Her packet the next day is about Democritus (c. 460–370 BCE). Democritus built upon his Greek predecessors to create atom theory: the world is built of "infinitesimal blocks that can join and separate again." Democritus, who did not believe in an immortal soul, is classified as a materialist, which is the idea that the objective, material world precedes and provides the substance for the thoughts about that world.

Analysis

After her reading Sophie "could hardly help smiling." She is beginning to really enjoy picking apart philosophers' arguments and attempting to see if they align with her own beliefs, such as Democritus's lack of belief in an immortal soul. Gaarder seems to argue that this is the purpose of philosophy—a constant questioning and reexamination of one's worldview.

Sophie understands that Democritus solved the problems inherent in the thought of previous philosophers by using his common sense. Similarly, she deduces she might solve her own mystery about who is writing the daily letters by watching her mailbox from her window—definitely a common-sense approach. By taking what she learns and applying it to her life, Sophie is showing that philosophy is not simply in the realm of rarified thought but is also useful on a daily basis.
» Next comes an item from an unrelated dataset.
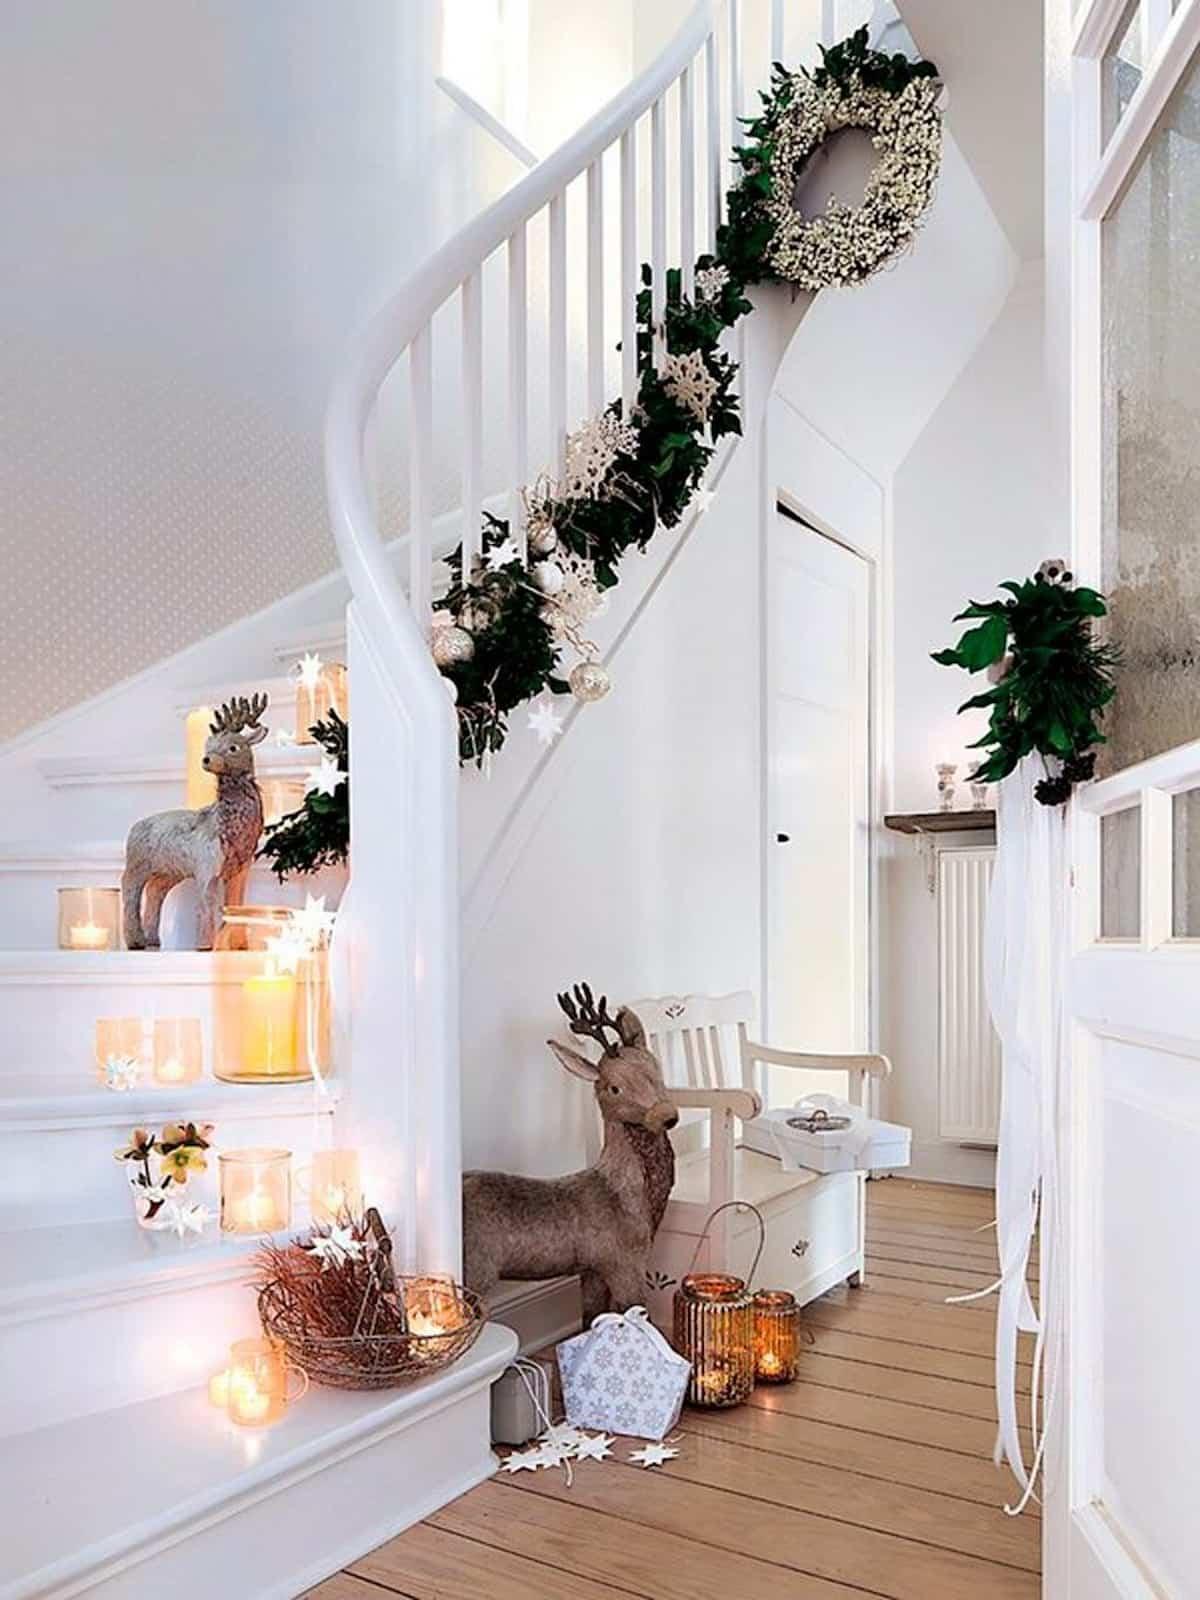 decoracion de navidad ideas y tendencias 2020 2021 1

Sophie lets herself become an extreme example of philosophy becoming a part of everyday life since grappling with the questions in the packets she receives takes up most of her free time.

Gaarder's use of Legos to explain atomic theory is an excellent example of how he employs concrete images to explain abstract theories and thus makes philosophy approachable and fun. It is also an apt metaphor for how Sophie comes to understand that philosophers build upon the ideas that came before them but must continually question those ideas to construct a paradigm that works for them.